McCarthy's film might be seen as an allegory for America's relationship with the world. Anyone who lives in a European city has likely interacted with American tourists and knows the delicate balancing act of enjoying (and if we're honest, envying) that curious naivete and decency Americans possess while avoiding the subjects of politics and religion. Americans are generally good-hearted people, but they consistently prop up governments that will happily destroy entire regions of the world to keep the price of oil or coffee beans down.

stillwater review

Damon's Bill feels American in a way few leading men in Hollywood movies do. He's a decent, God-fearing man, but his single-mindedness concerning the protection of his family is something to be wary of. At one point he appears to entertain the notion of framing an innocent immigrant in order to free his daughter, whose own innocence is left ambiguous (based on the Amanda Knox case, I suspect American viewers will assume Allison's innocence from the start, while the rest of us will keep an open mind).

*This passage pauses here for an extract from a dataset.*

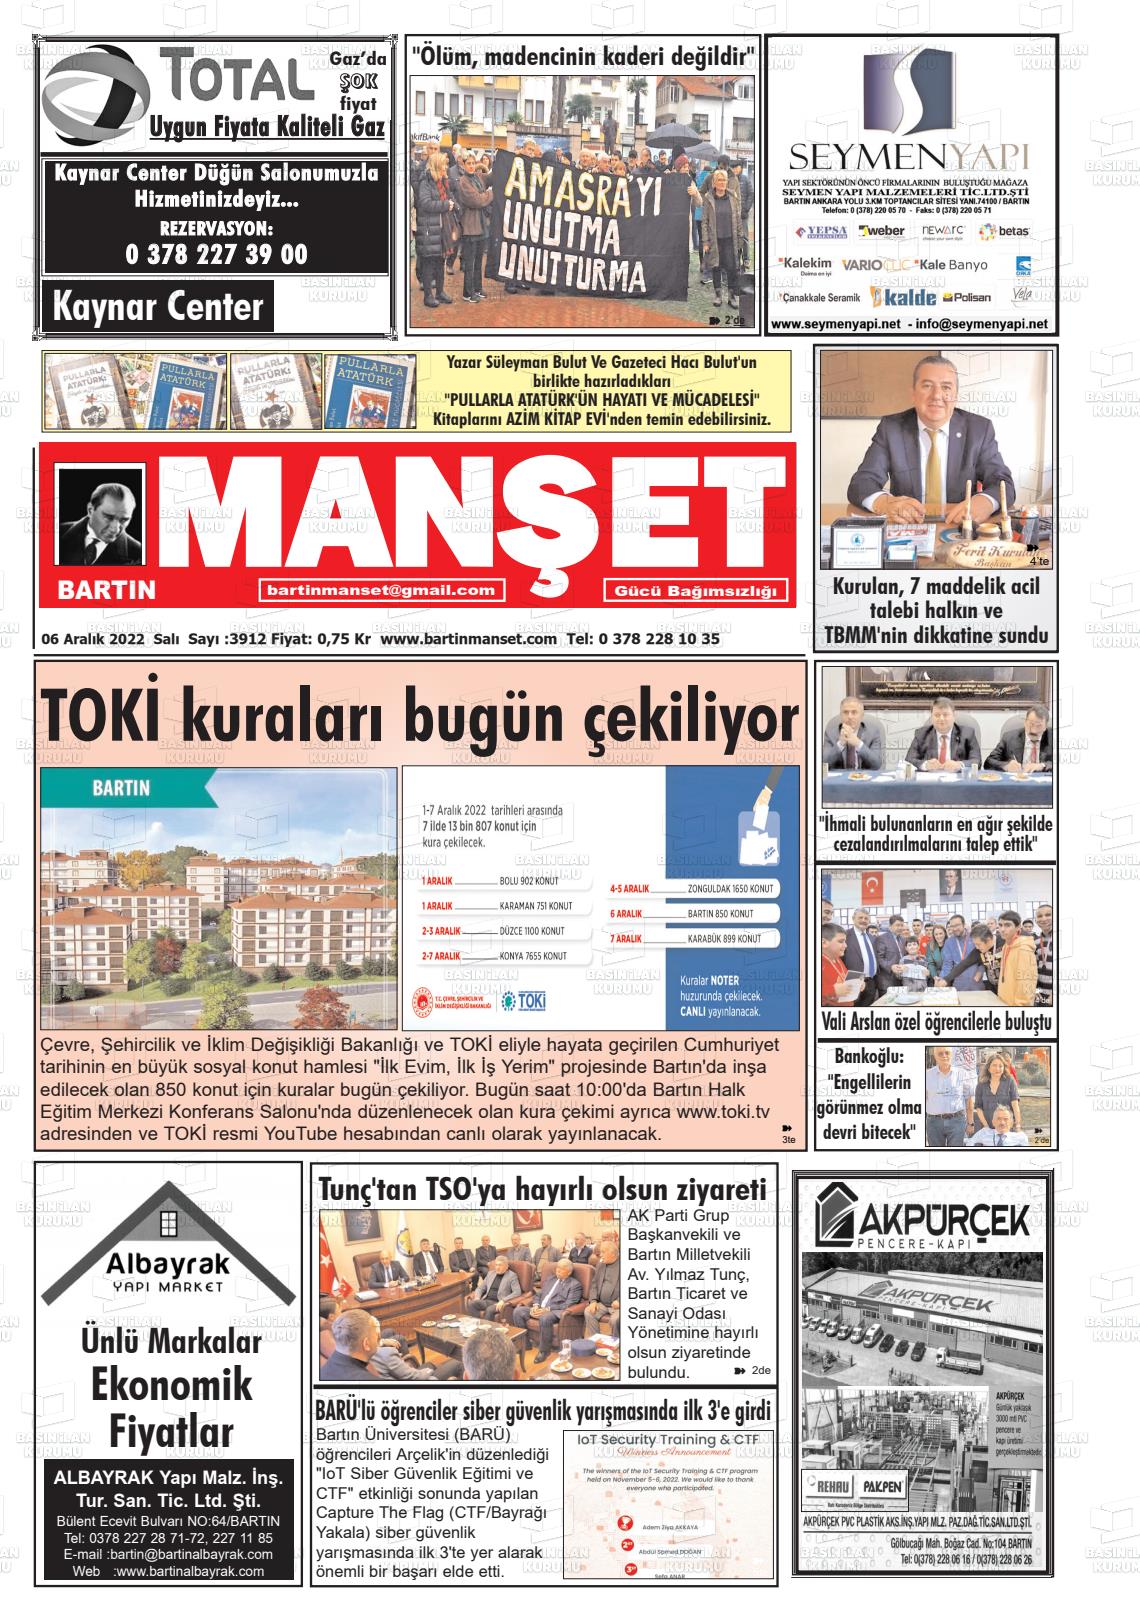 06 Aralık 2022 Bartın Manşet Gazete Manşeti

When Stillwater returns to thriller territory in its final act, it feels deflating. It's not a particularly novel or cleverly structured thriller and it's quite derivative. It lifts not one but two major plot points from the Argentine Oscar winner The Secret in Their Eyes, and feels like a bit of a genre box-ticking exercise. But if you can swallow the unconvincing slices of thriller bread, the meat of McCarthy's latest parable of the kindness of strangers makes for a satisfying sandwich.

Stillwater is in UK/ROI cinemas now.